WHAT YOU HAVE TO DO
Could the listing be repeated exactly, with every picture dropped?
--- SOURCE MATERIAL Enclosed Below ---
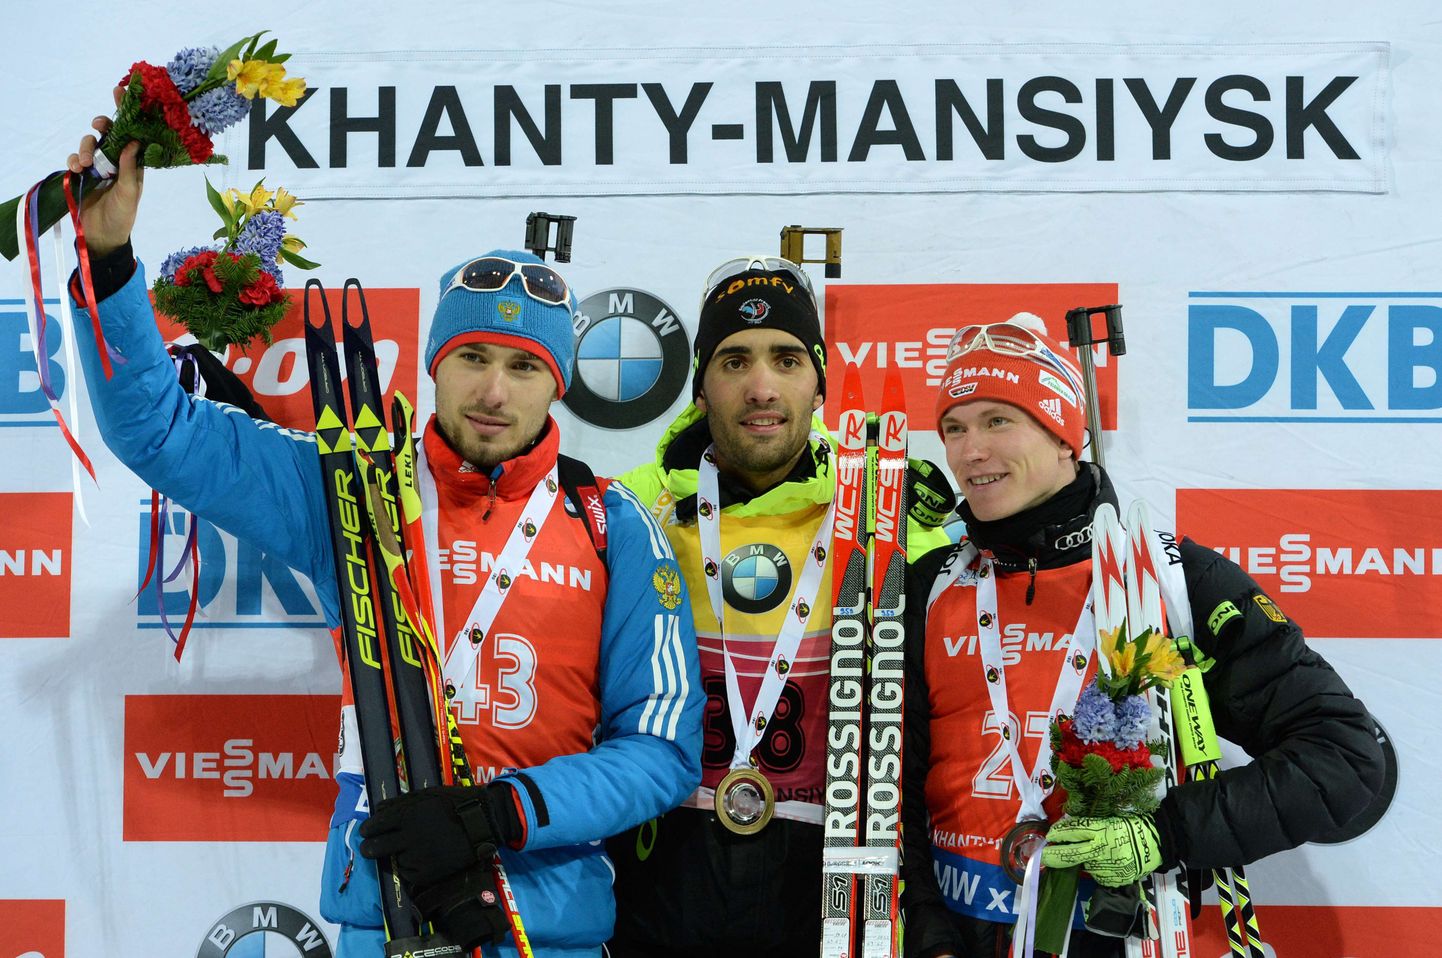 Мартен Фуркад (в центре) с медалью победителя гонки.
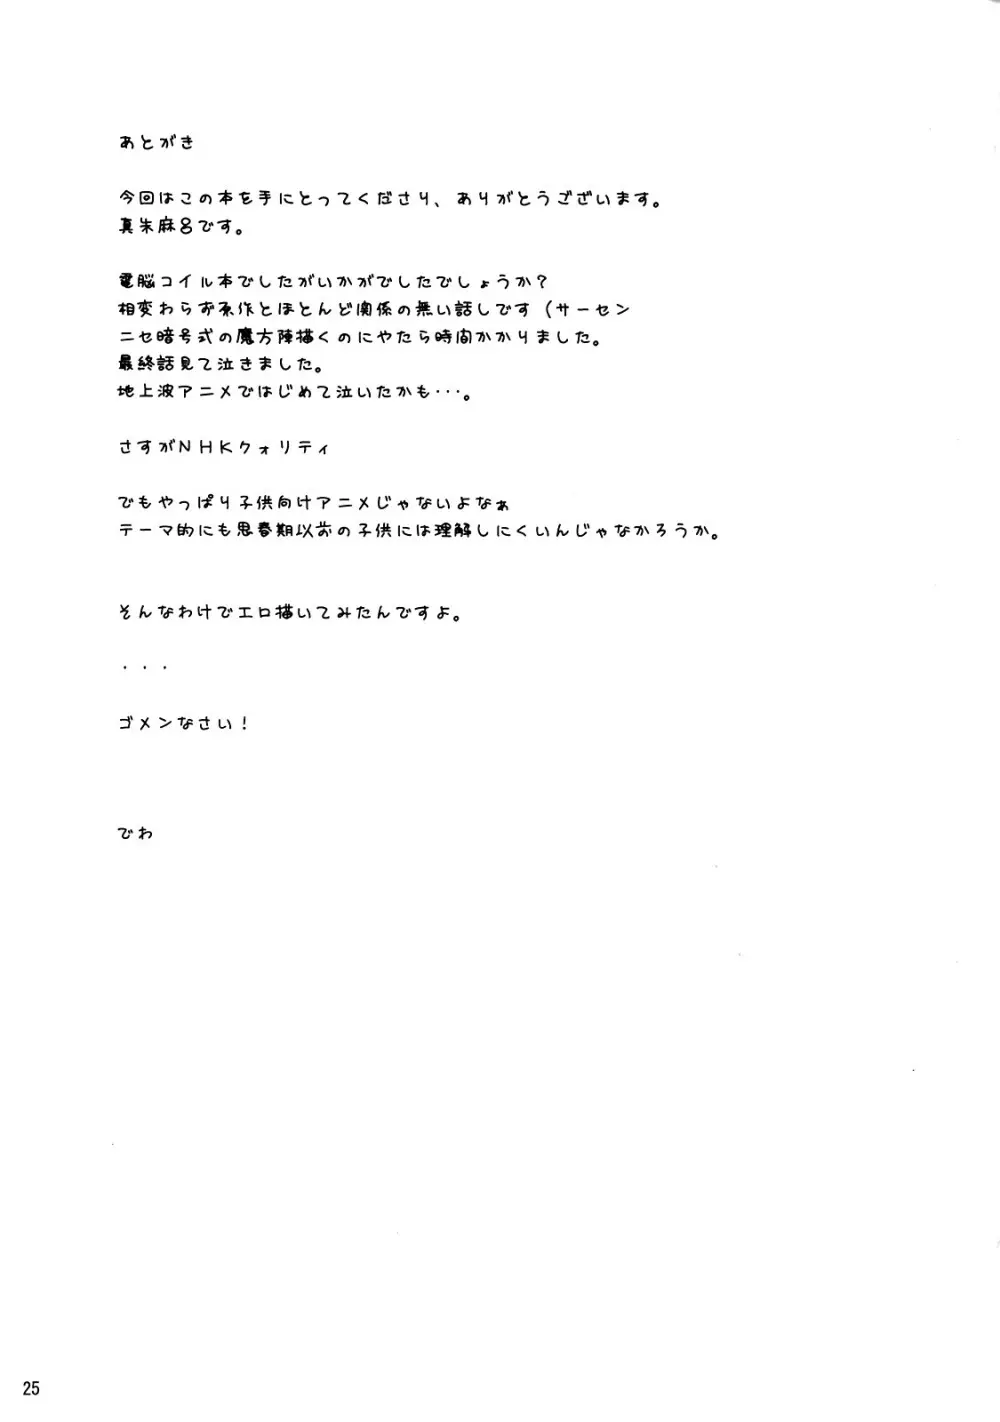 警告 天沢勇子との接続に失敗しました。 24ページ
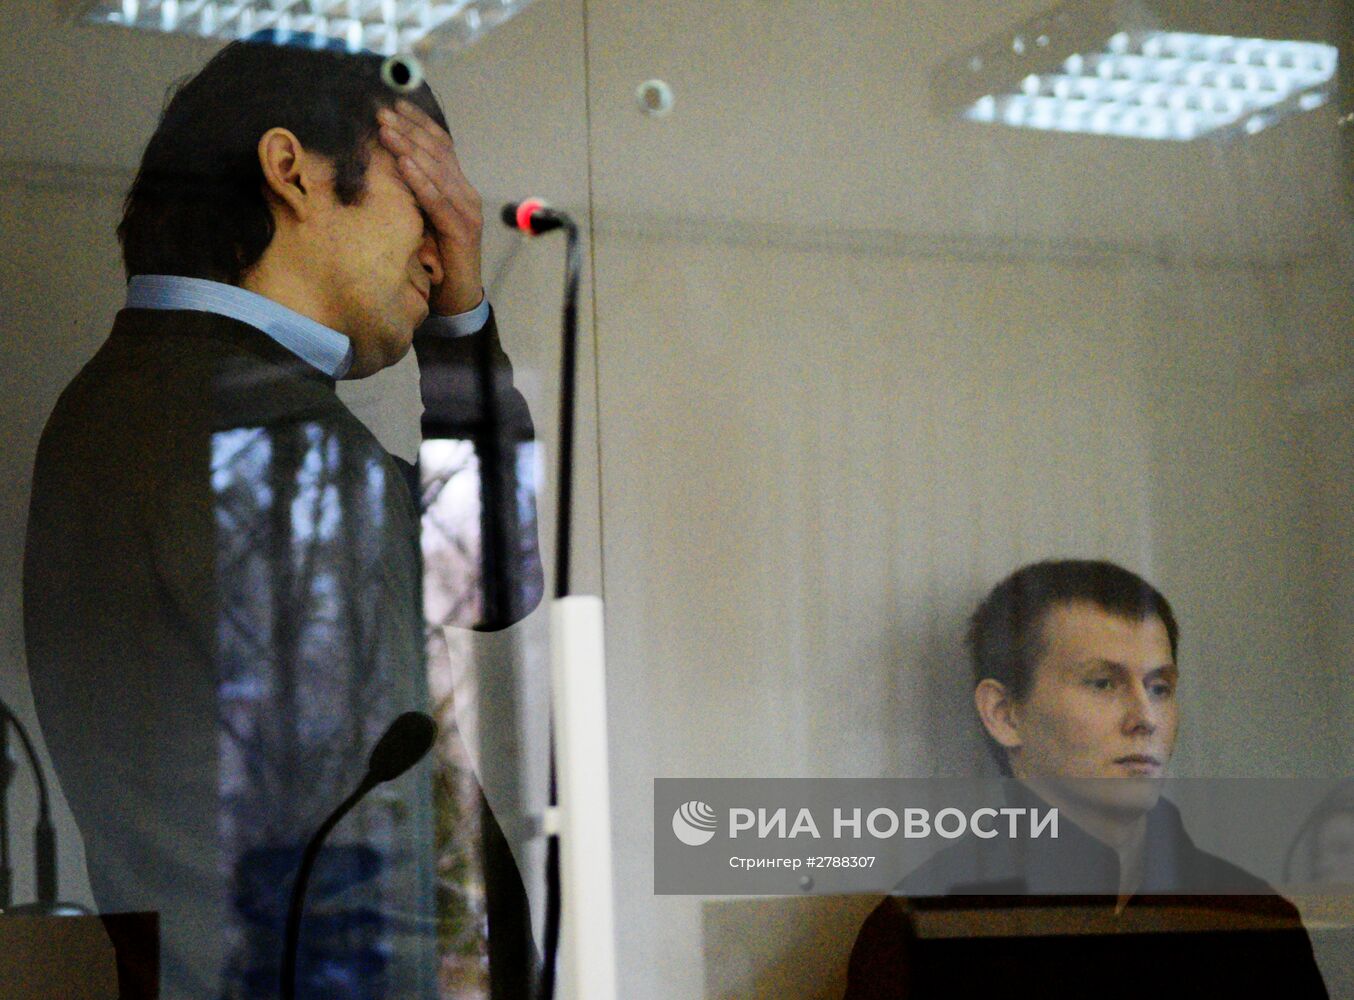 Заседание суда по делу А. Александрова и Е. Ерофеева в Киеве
--- End of Enclosed SOURCE MATERIAL ---
RESPONSE BOX
 Мартен Фуркад (в центре) с медалью победителя гонки.
 警告 天沢勇子との接続に失敗しました。 24ページ
 Заседание суда по делу А. Александрова и Е. Ерофеева в Киеве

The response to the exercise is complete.